2. It is not uncommon for regulators to charge defendants with a substantive offence of misconduct and also in a separate charge rely on a conviction for a criminal offence based on the facts underlying the regulatory offence. Many regulators have provisions within their disciplinary rules that a conviction is conclusive proof of the underlying facts. Following the decision of the Supreme Court regulators and prosecutors will have to exercise caution when deciding whether and how to prosecute defendants with both the underlying offence and any “criminal conviction” charge which relies on the same facts, and may have to revise their disciplinary rules.

THE BACKGROUND FACTS

3. The Appellant, a Chartered Accountant, was ordered by the Jersey Financial Services Commission to cease to take on any company trust business and to commence an orderly winding up of the company’s affairs. The Commission further directed that no records or files in respect of the companies or any customer shall be removed from the offices of the companies. The Appellant failed to comply with this direction and was arrested leaving the country in possession of documents relating to that order on a later date. The Appellant and his wife were charged with the offence of failing to comply with the direction and were both convicted under the relevant provisions of Jersey’s criminal law. The Appellant was convicted and fined in respect of that offence, sought leave to appeal but was refused.

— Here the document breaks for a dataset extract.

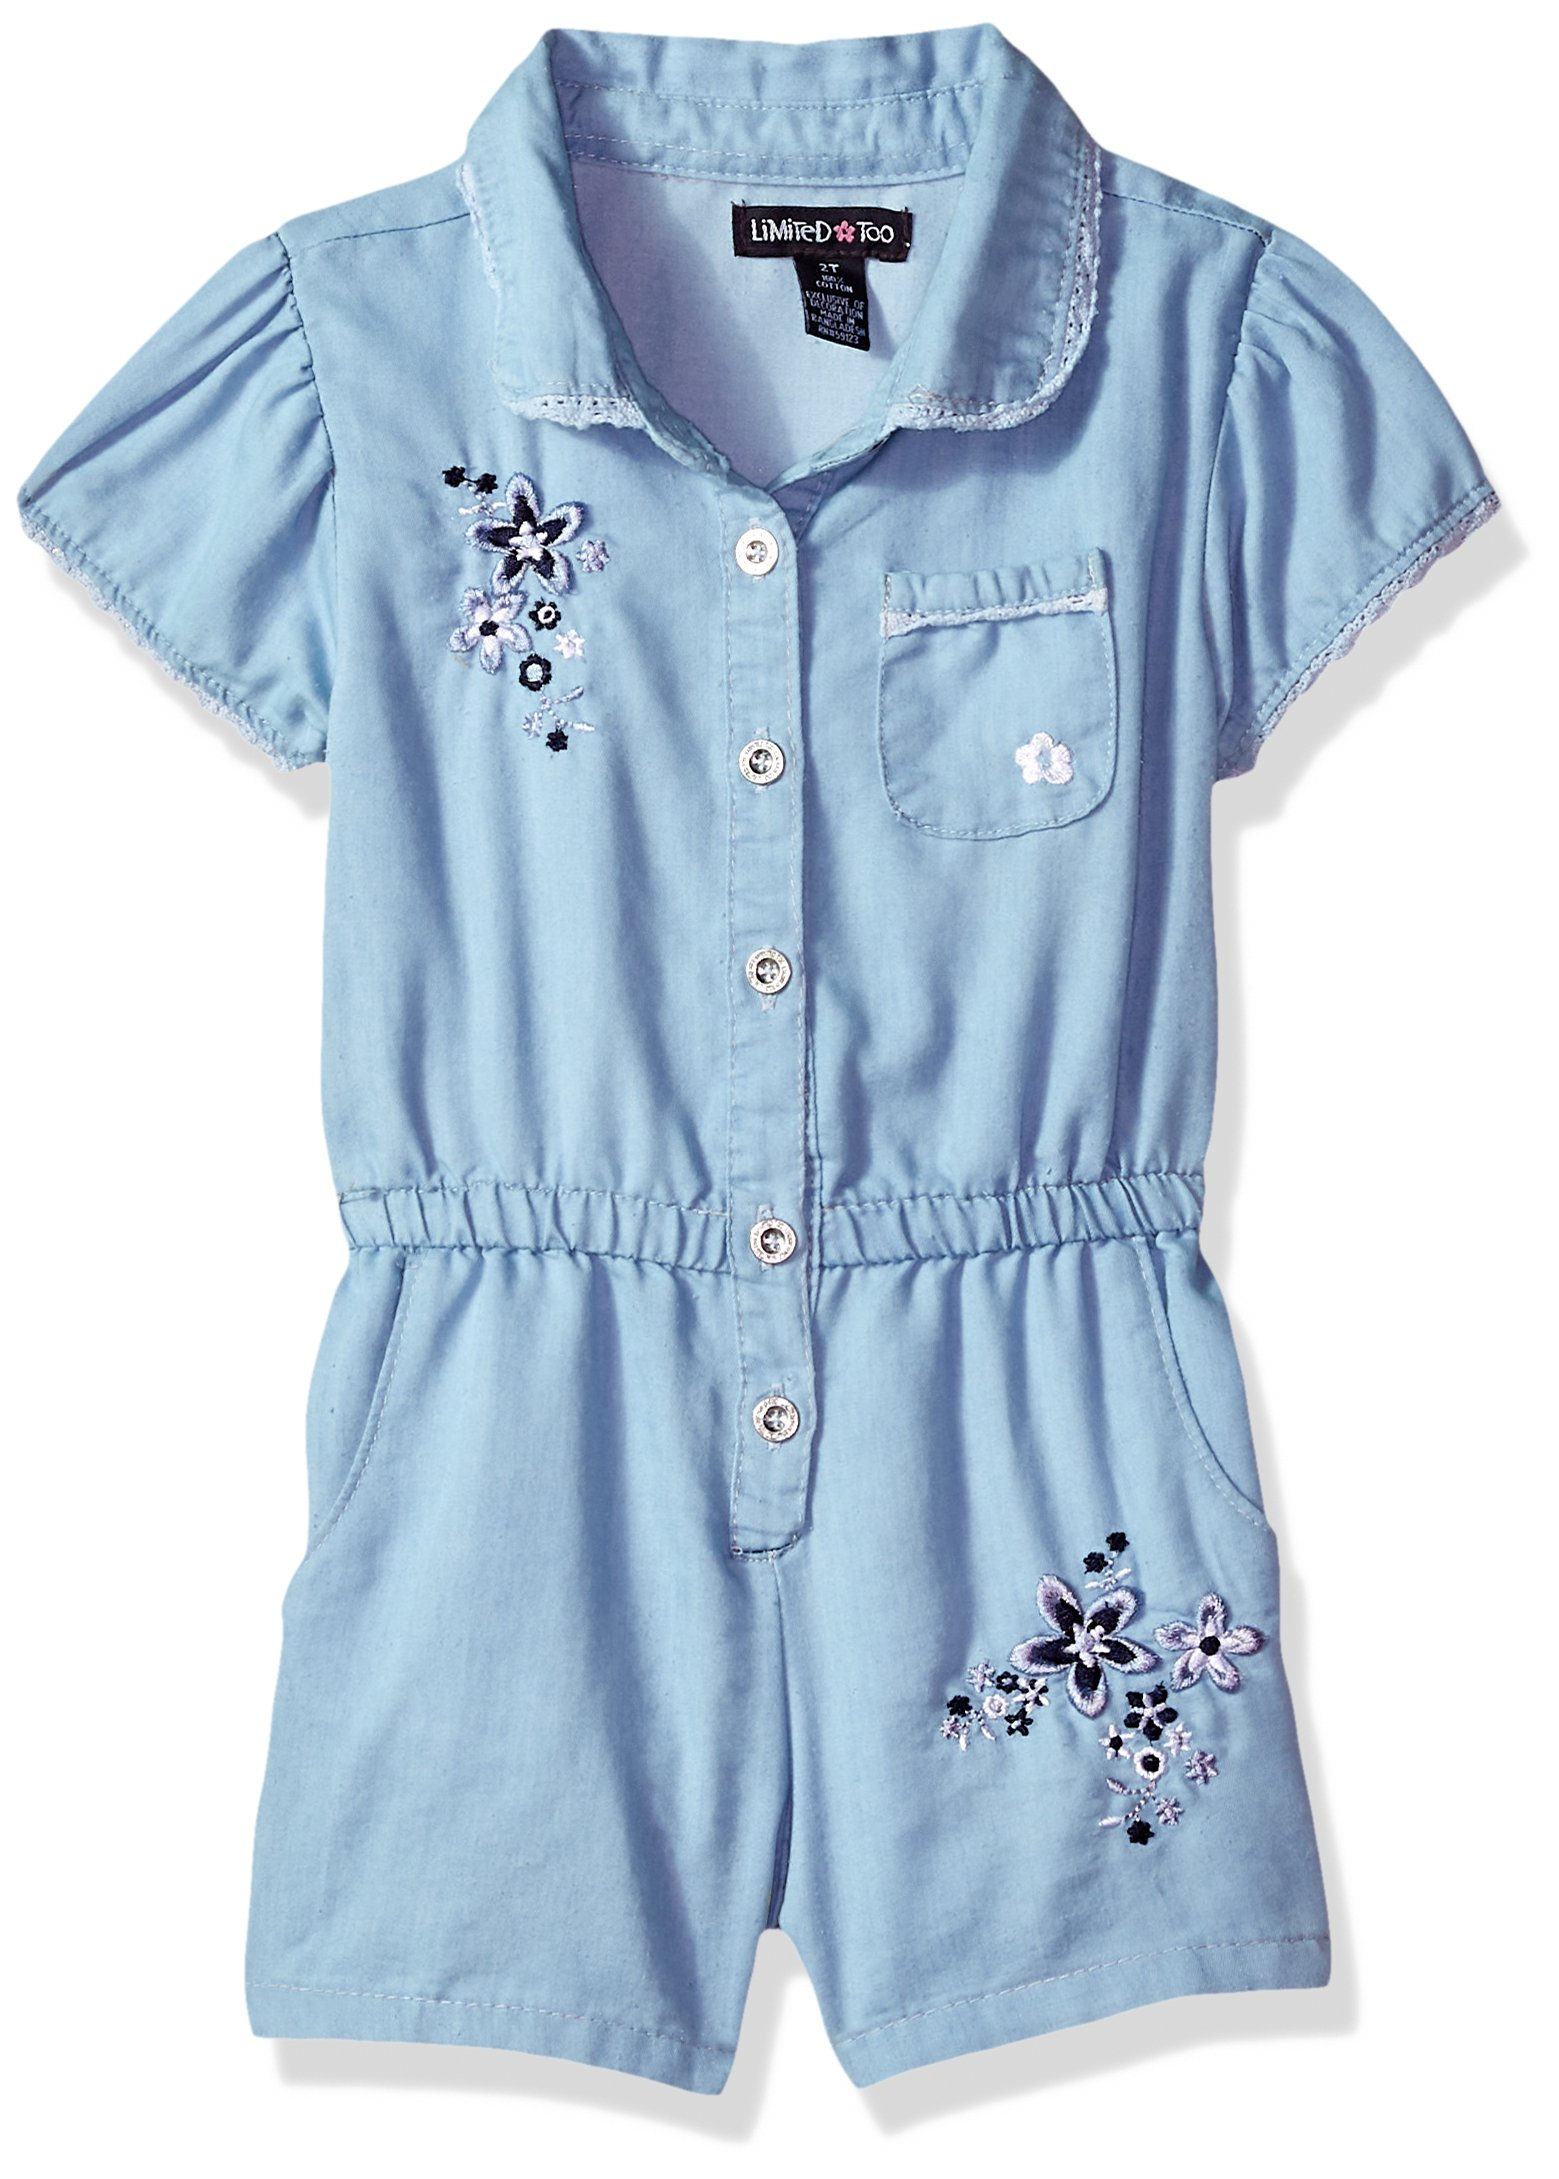 Limited Too Toddler Girls' Romper, Summer Flowers Light Blue Denim, 3T

4. Thereafter the Institute of Chartered Accountants preferred a complaint against the Appellant relying on the fact of the Appellant’s conviction before the Jersey Criminal Court. That allegation was dismissed on a technicality by the Tribunal because they could not be satisfied that the offence in Jersey gave rise to a like offence triable on indictment in the United Kingdom. The Investigation Committee of the ICAEW brought a second complaint before a differently constituted tribunal. At a preliminary the Appellant submitted that the second complaint should be summarily dismissed on the ground that the same complaint had already been dismissed. The Appellant’s case was that the first and second complaints made the same allegation and that the second complaint should be dismissed on the grounds of autrefois acquit or res judicata or that it should be dismissed or stayed on the grounds that the second complaint was an abuse of process. The Tribunal dismissed the application. The Appellant sought judicial review of that decision on the basis that the Tribunal had erred in law and that it should have summarily dismissed the second complainant on the grounds advanced before it.

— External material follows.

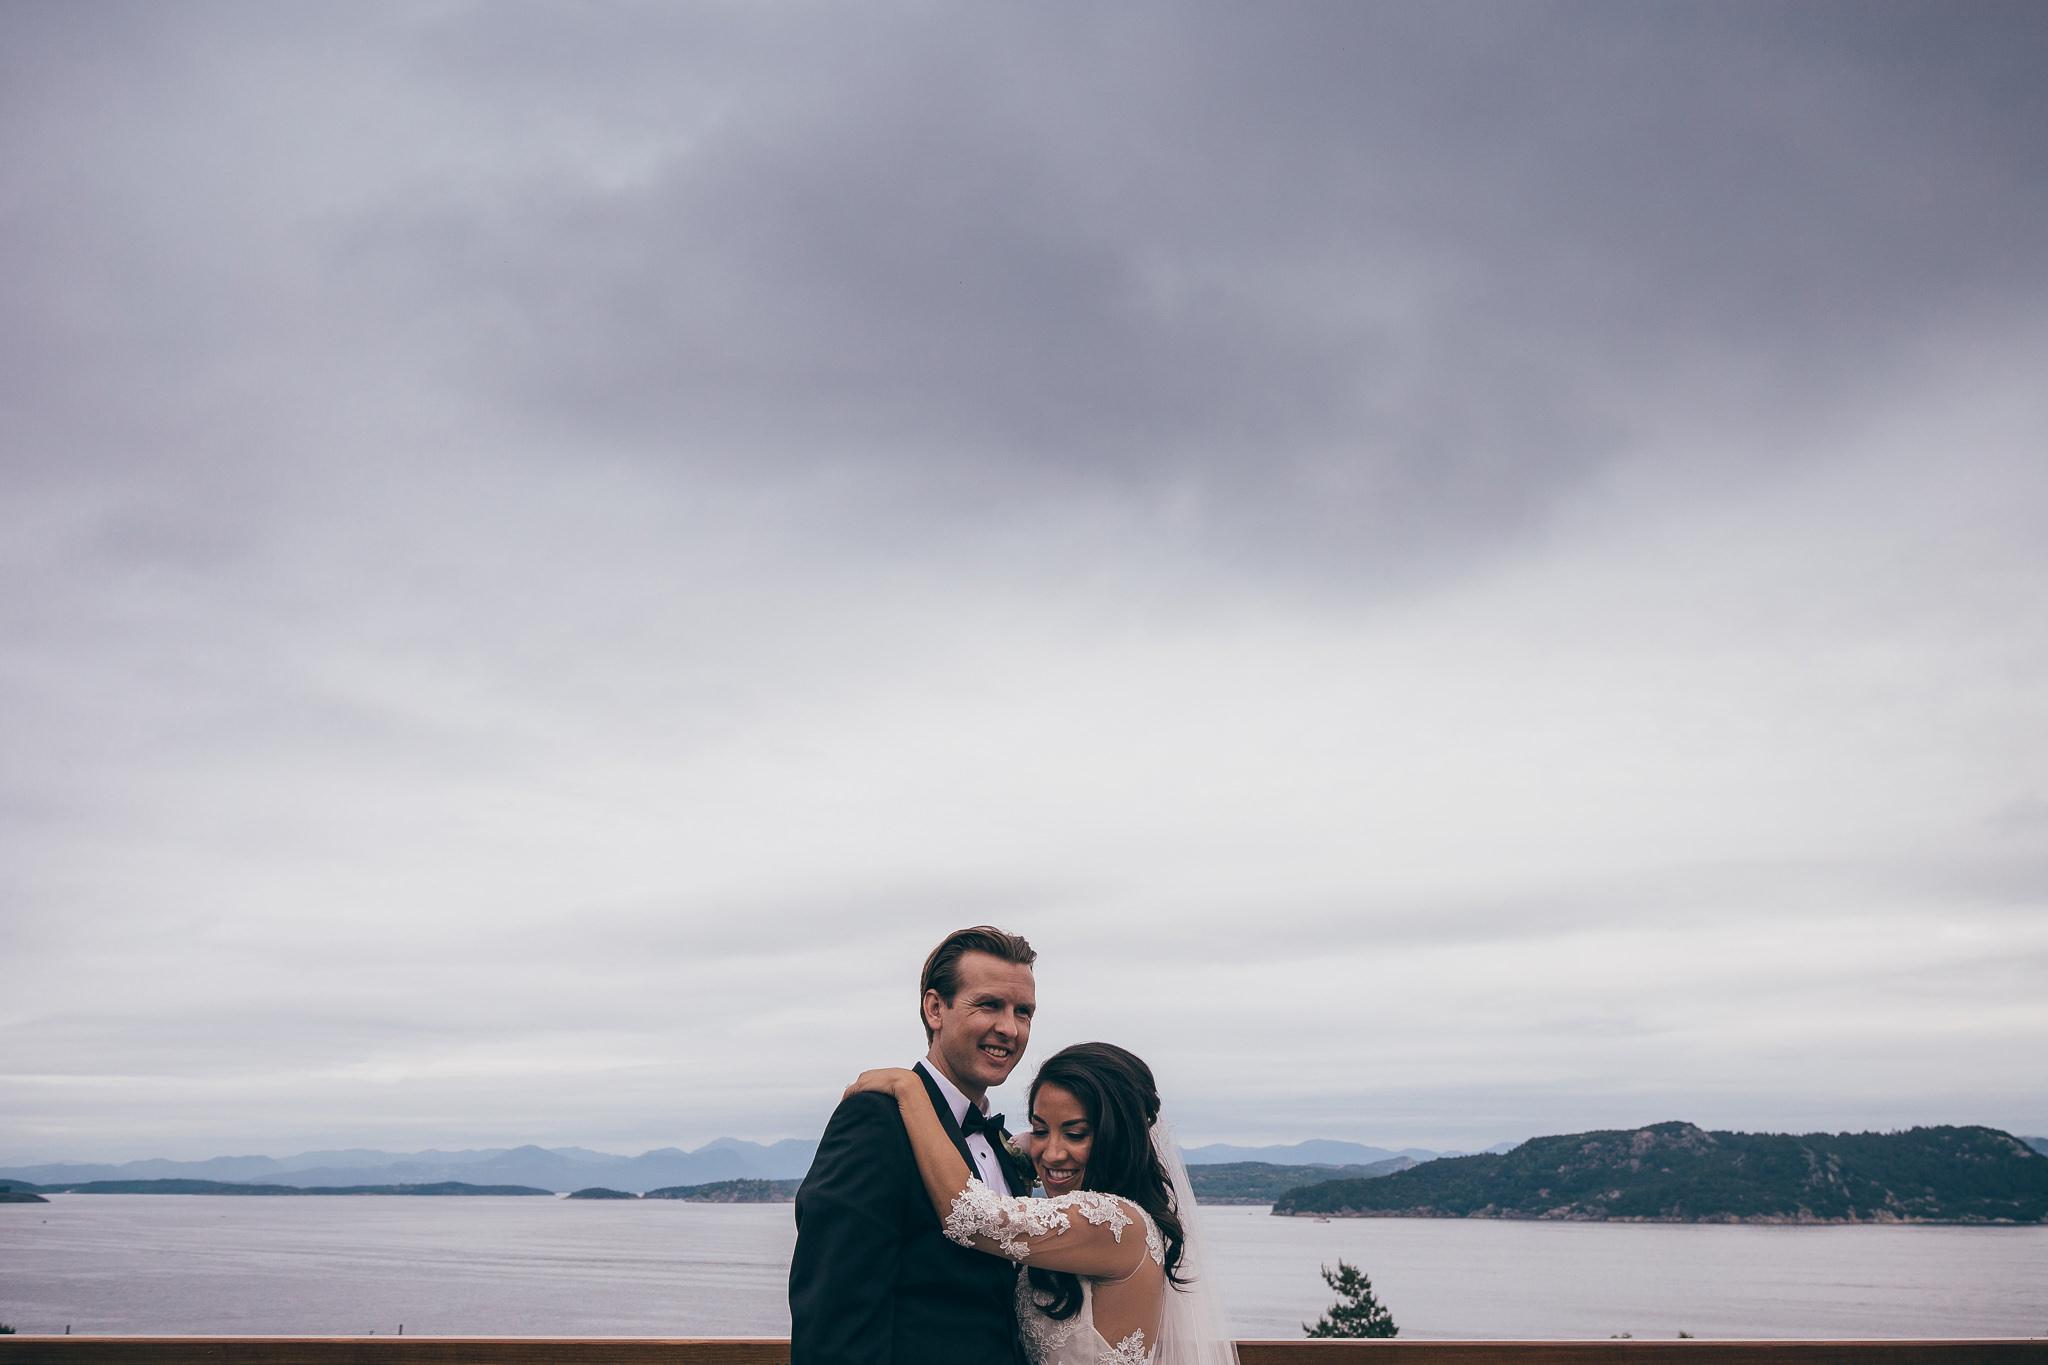 Wedding+Photographer+Norway+Bryllupsfotograf+Casey+Arneson+MK-159.jpg

5. Owen J dismissed the application for judicial review, but Sullivan LJ granted permission to appeal to the Court of Appeal. The Court of Appeal dismissed the appeal. The Appellant then lodged a petition for permission to appeal to the Supreme Court, but before it could be determined a disciplinary tribunal of the ICAEW heard the second complaint at a hearing which the Appellant chose not to attend. The Tribunal found the complaint proved, ordered that the Appellant be excluded from membership of the Institute and made an order of costs against him. Permission to appeal to the Supreme Court was subsequently granted and the sanctions imposed by the Tribunal were suspended pending the outcome of this appeal.
6. The Supreme Court stated that all the grounds in the proceedings depended to a greater or lesser extent upon a comparison of the complaints and that the resolution of the issues between the parties as to the correct comparison between the two complaints depends at least in part upon the true construction of the relevant Byelaws (Byelaws 4 and 7 of the Institute).
7. The Institute submitted that the Byelaws provided for two completely different charges. The first was pleading guilty to or being convicted of an indictable offence of the kind identified in Byelaw 7(1) and the second was being guilty of the underlying conduct (as identified in Byelaw 4(1)(a) namely “any act or default likely to bring discredit on himself, the institute or the profession of accountancy”). The Supreme Court agreed with the Court of Appeal below that the discreditable conduct alleged in the first complaint was the Jersey conviction which was both conclusive evidence of the discreditable conduct and the discreditable conduct itself. Byelaw 4(1) identifies the “occurrences giving rise to liability” to disciplinary action. The only relevant occurrence here was that the Appellant had “committed any actual default likely to bring discredit on himself, the Institute or the profession of accountancy”. In the Court’s opinion if the occurrence relied upon could not be found in Byelaw 4, then the complaint must fail. There is nothing, the Court held, in Byelaw 4(1)(a) which supported the conclusion that such a conviction is itself an act or default of the kind specified. Moreover, such conviction is not one of the circumstances identified in Byelaw 4(1)(e) which are limited to circumstances set out in Byelaw 4(2). The Byelaws could have included a conviction as one of those circumstances but they did not. The Court was unable to find any other provisions within the Byelaw that could fill that lacuna. In short, the Court found that there was nothing in the Byelaws which provided that a qualifying conviction itself amounted to the discreditable conduct. It was simply conclusive proof of discreditable conduct namely the conduct underlying the basis of the conviction.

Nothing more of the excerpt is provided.